La plupart de ces objets n’ont jamais été exposés, mais j’ai déjà montré une partie de cette collection dans un autre contexte, notamment les Sandpapers [des paysages au fusain et poussière de marbre du milieu du XIXe siècle] au Drawing Center ou au Folk Art Museum à New York, totalement séparés de mon propre travail. J’ai aussi montré des pièces collectionnées devenues une partie de mon travail par le passé, comme des « bulletin boards » : des panneaux sur lesquels j’accroche des images. Certaines sont les miennes, viennent de la rue ou sont le fruit de mes accumulations. Je collectionne des photos, des journaux, des albums photos, des ensembles de cartes postales. Il y a aussi une figurine égyptienne (Ramsès, ca. 1200 av. J.-C.) que j’ai eue quand j’avais 8 ans, des bandes dessinées, etc. Je n’ai jamais vendu une seule de ces pièces et je possède beaucoup plus que ce qui est exposé ici. En général, je collectionne des choses révélatrices de ce que je fais qui reflètent mes centres d’intérêts, et j’ai pensé intéressant de faire une proposition qui exposerait ce miroir. Et il y a aussi toutes ces lignes de partage entre ce qui est de l’art et ce qui n’en est pas. Je pourrais modifier quelques éléments autour et faire de tout cela mon œuvre. Cela m’intéresse de tester ce genre de limites.

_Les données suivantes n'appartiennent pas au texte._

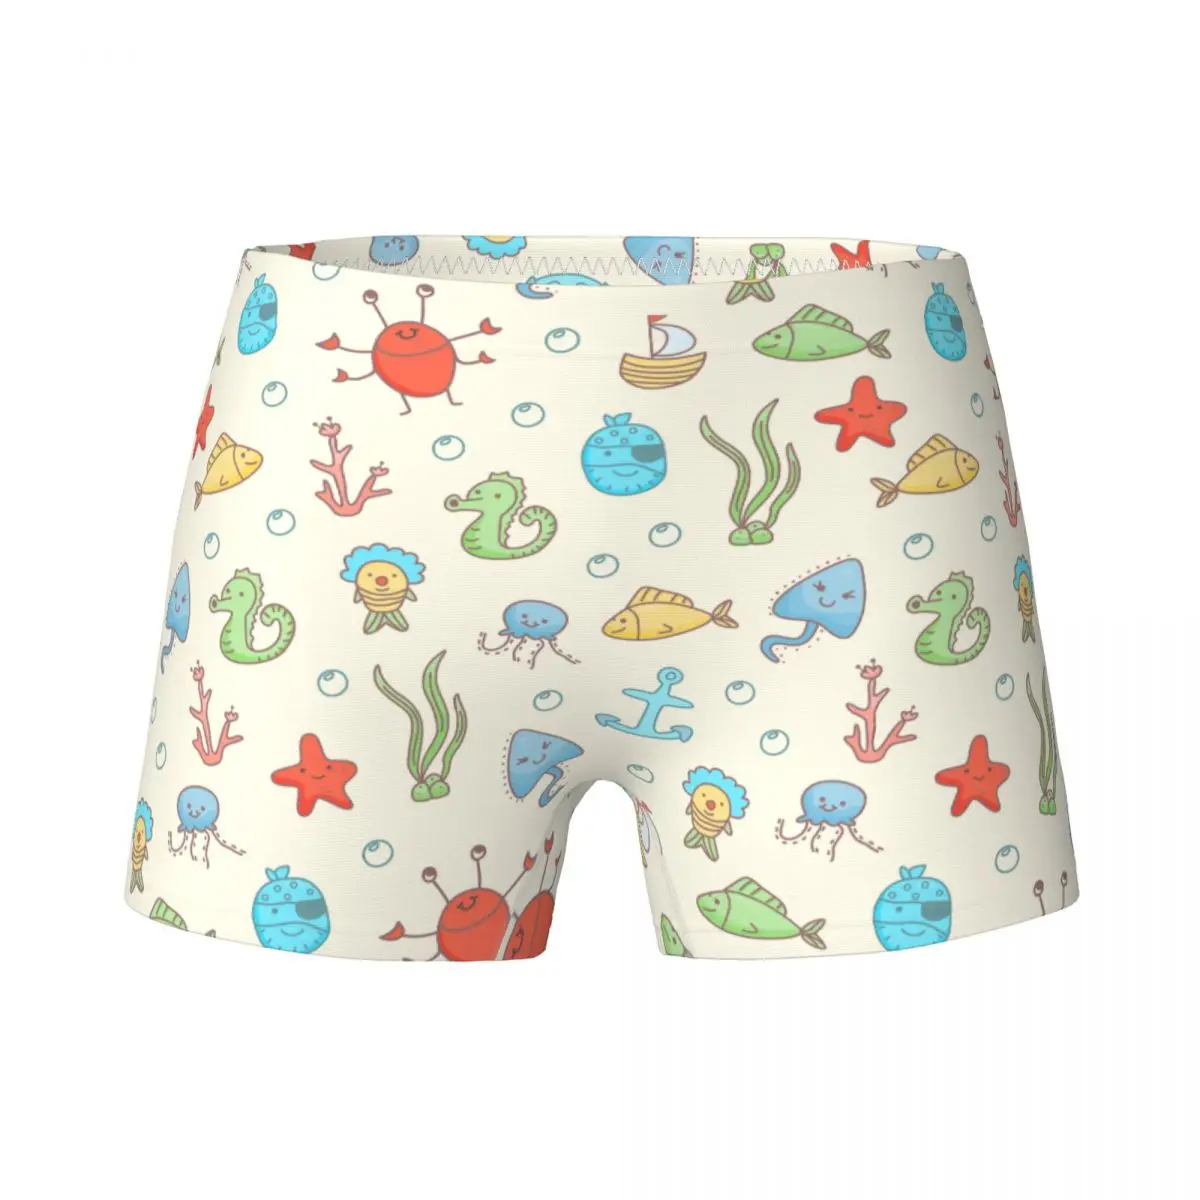 

Youth Girl Octopus Sea Animal Boxer Child Cotton Underwear Kids Teenagers Underpants Soft Briefs 4-15Y

Considérez-vous votre relation avec la cartographie ou la manière de portraiturer des territoires comme essentielle ?
Je suis très attiré par la cartographie en effet, les globes, les photographies de la terre ; j’en ai d’ailleurs une vintage très célèbre. Les volumes de Piranèse qui sont exposés ici sont une chose fantastique. À l’époque où je les ai achetés, je travaillais sur l’environnement informatique virtuel et les villes virtuelles et j’y ai vu de grandes similitudes. Je pense que la meilleure œuvre en rapport à cela est Art in Society (2012). C’est un livre que j’ai cherché pendant trente-cinq ans. Il démontre pour moi la manière dont je pense à un sujet. Je voulais faire un collage avec, juste tirer de nombreuses images de ce livre et les mettre sur des panneaux, dans la galerie, de manière à ce que les gens en perçoivent le sens. Cela crée une certaine confusion, une sorte d’aller-retour généré par l’exposition.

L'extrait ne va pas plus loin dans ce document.